> [Information supplied]
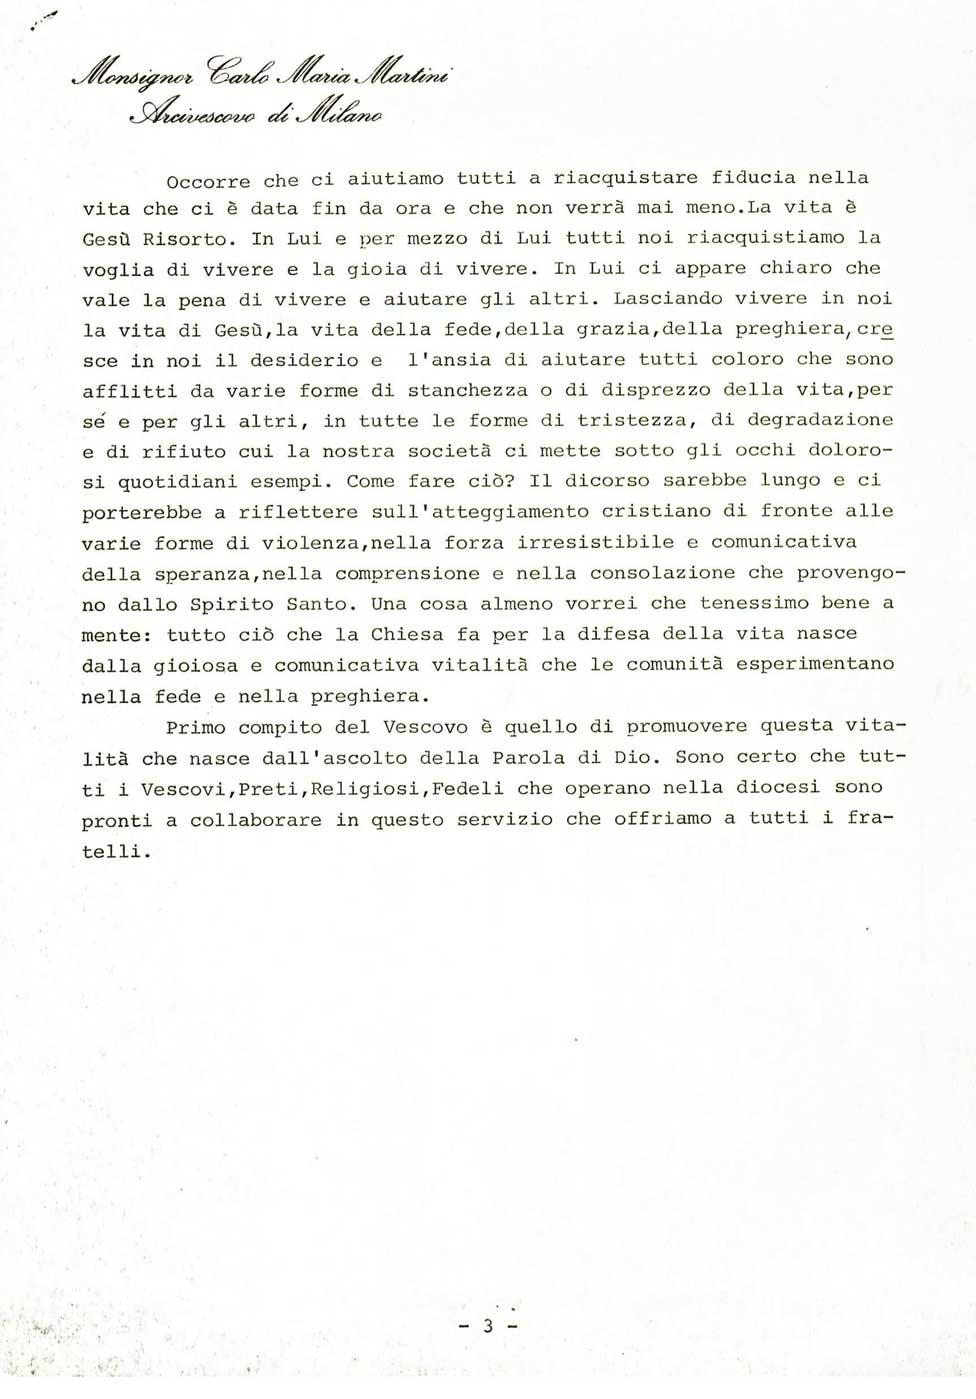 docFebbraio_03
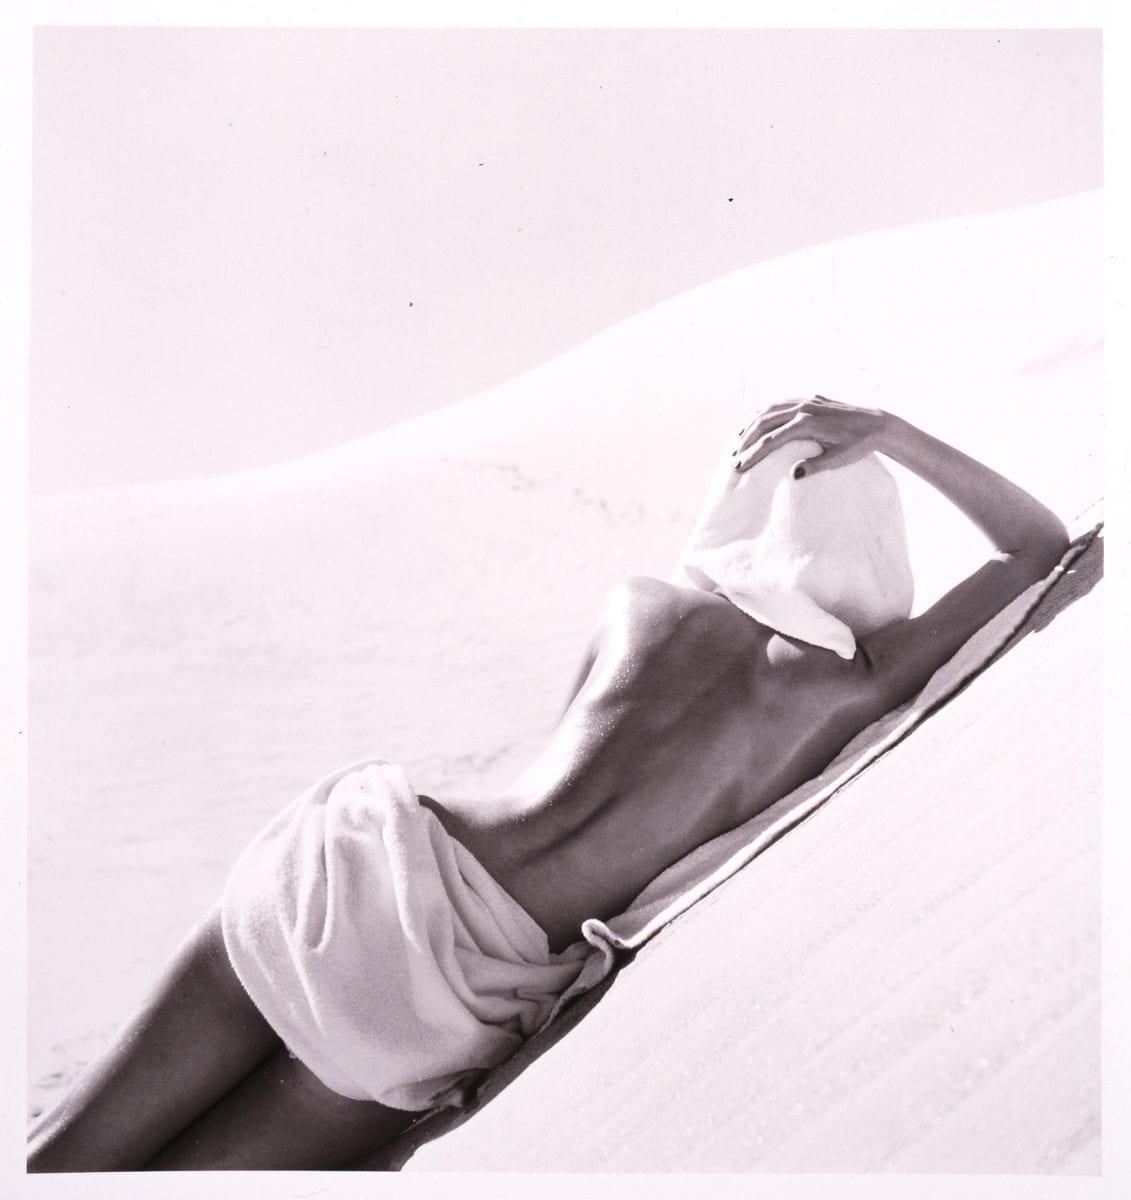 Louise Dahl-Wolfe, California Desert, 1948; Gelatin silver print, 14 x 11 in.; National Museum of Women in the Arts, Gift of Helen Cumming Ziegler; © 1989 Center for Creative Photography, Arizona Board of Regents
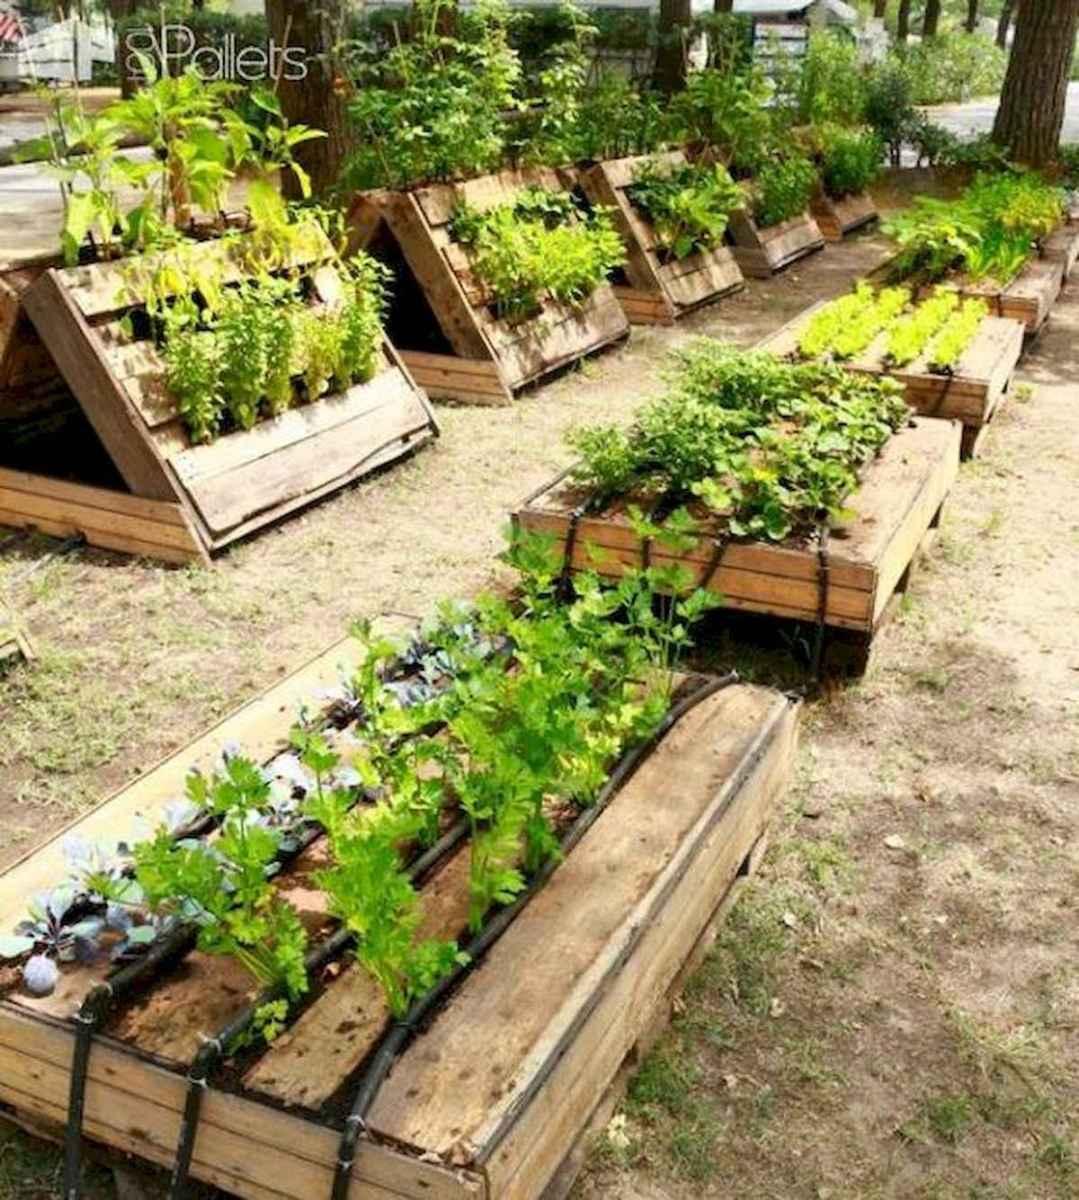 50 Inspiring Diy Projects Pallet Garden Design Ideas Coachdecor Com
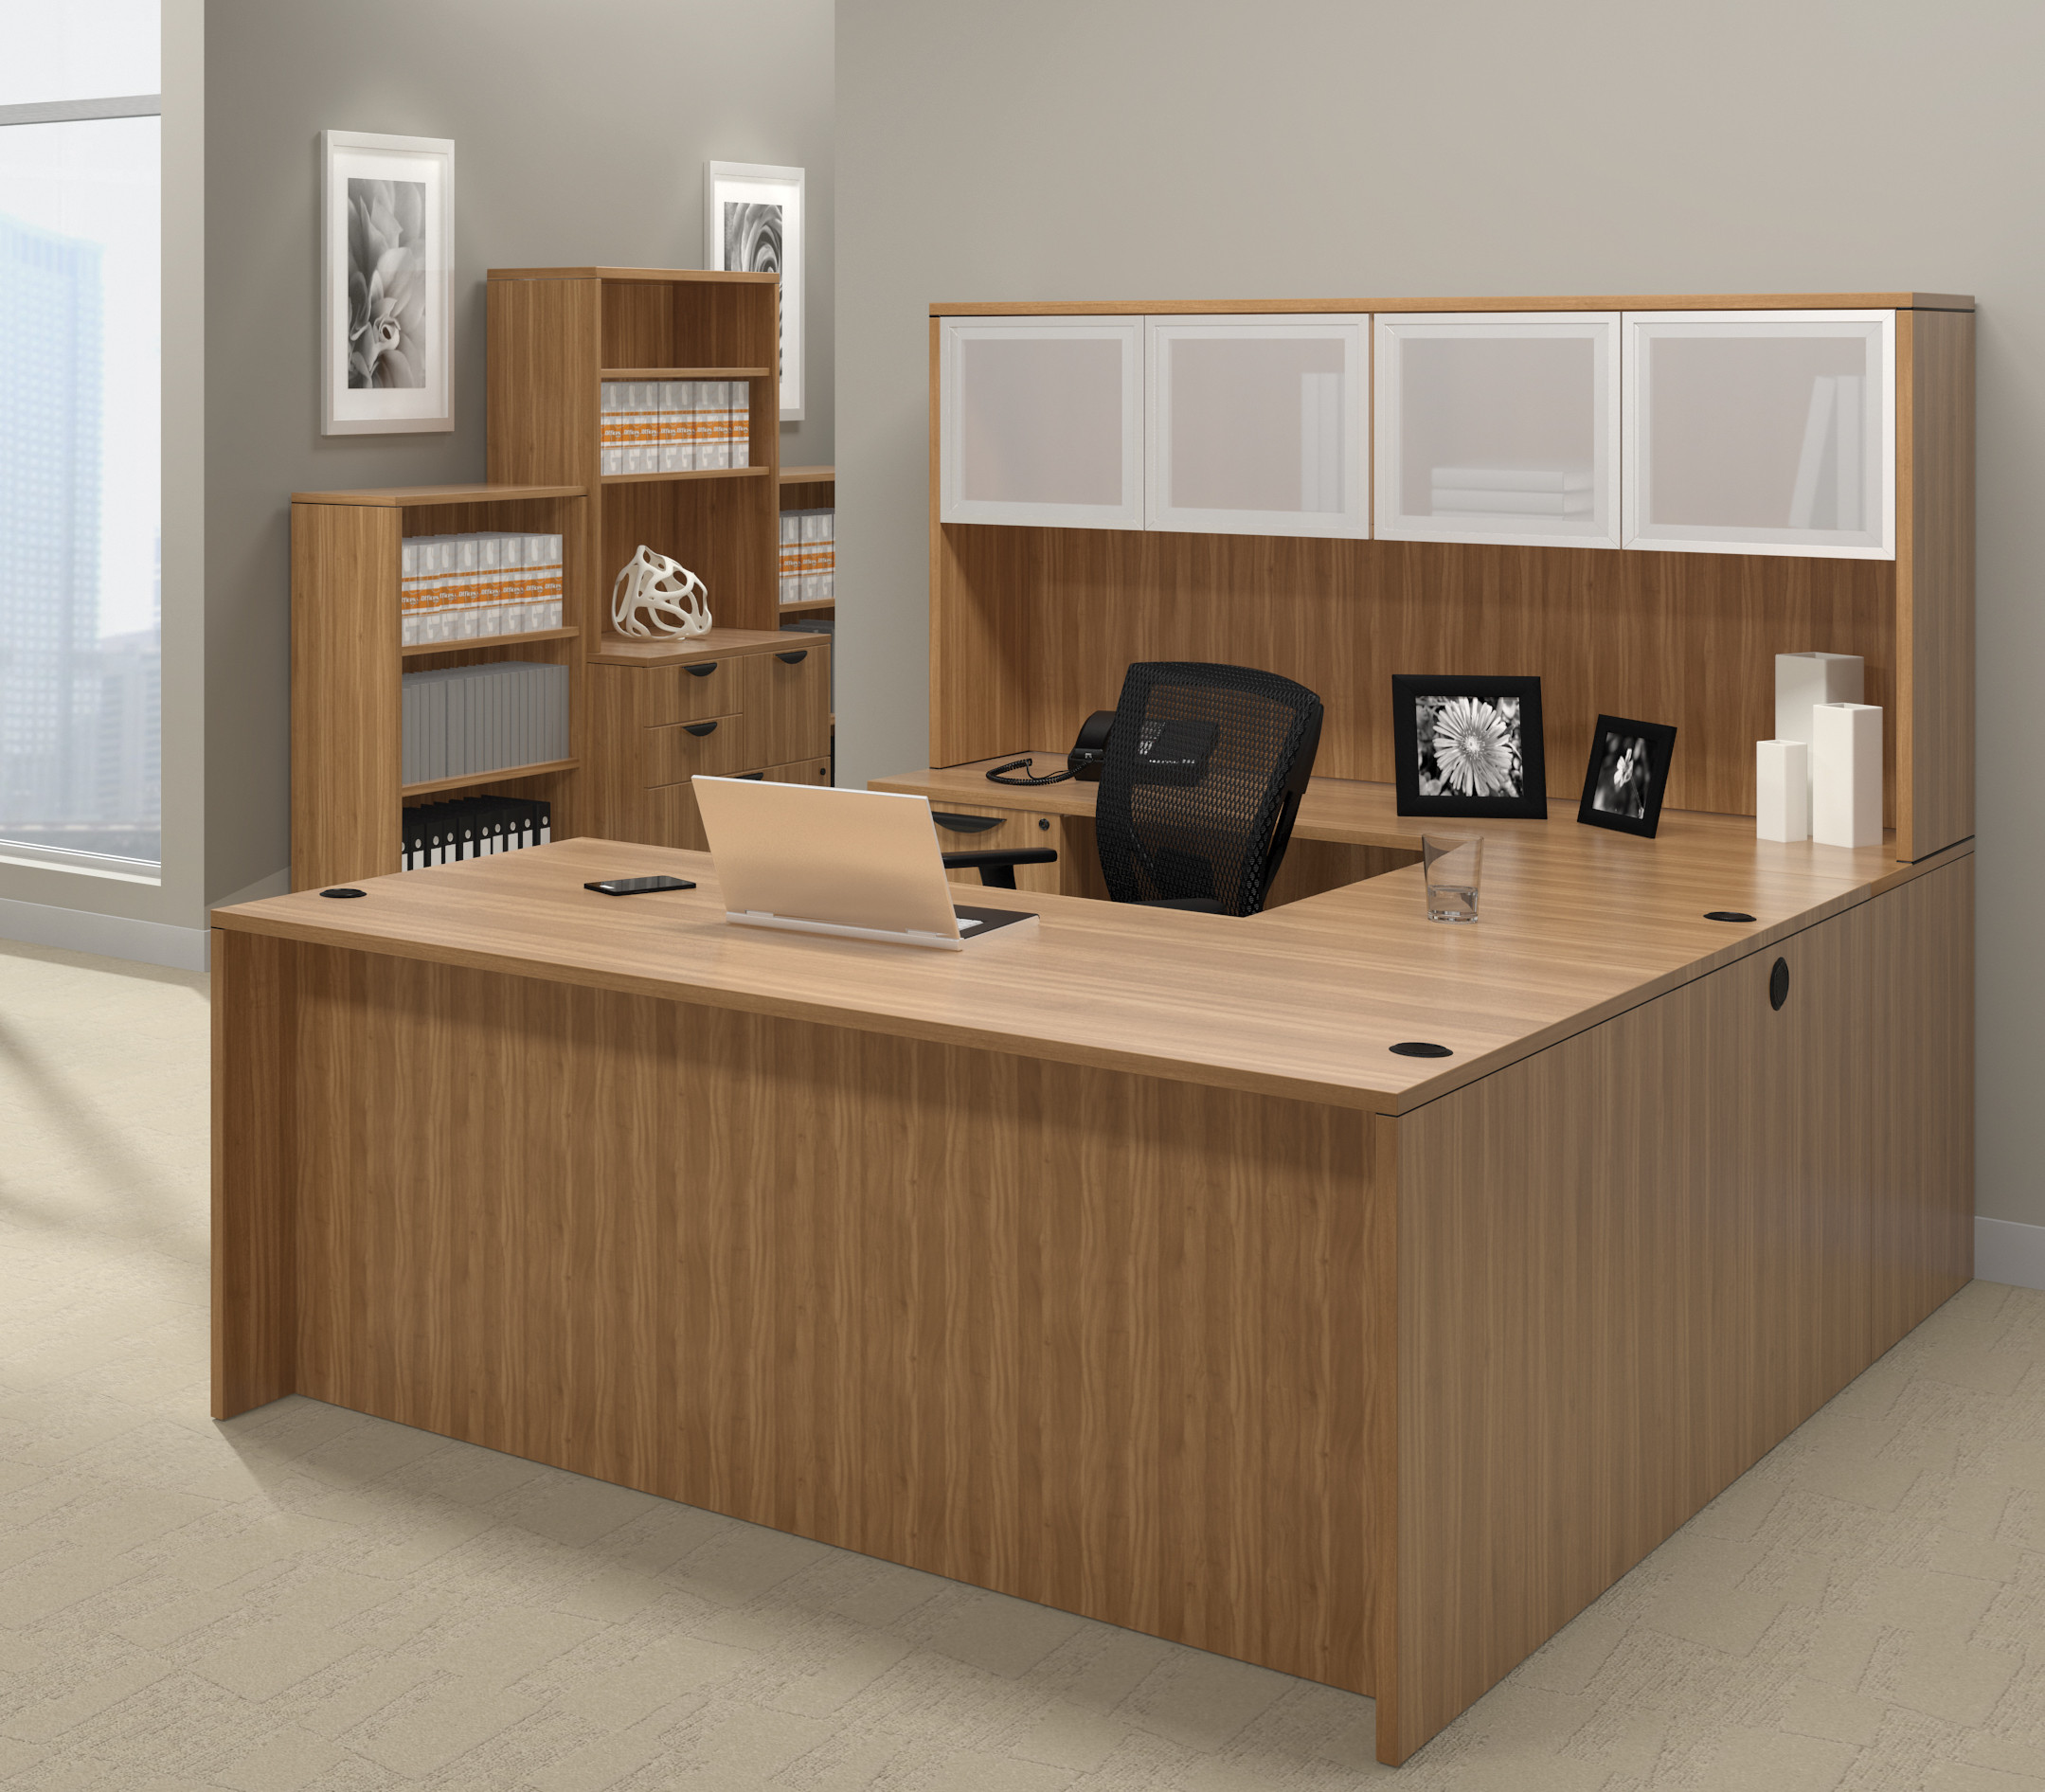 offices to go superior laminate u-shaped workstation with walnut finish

> [Task to complete] Set down the material word for word, and drop every picture from it.

> [Finished exercise]
 docFebbraio_03
 Louise Dahl-Wolfe, California Desert, 1948; Gelatin silver print, 14 x 11 in.; National Museum of Women in the Arts, Gift of Helen Cumming Ziegler; © 1989 Center for Creative Photography, Arizona Board of Regents
 50 Inspiring Diy Projects Pallet Garden Design Ideas Coachdecor Com
 offices to go superior laminate u-shaped workstation with walnut finish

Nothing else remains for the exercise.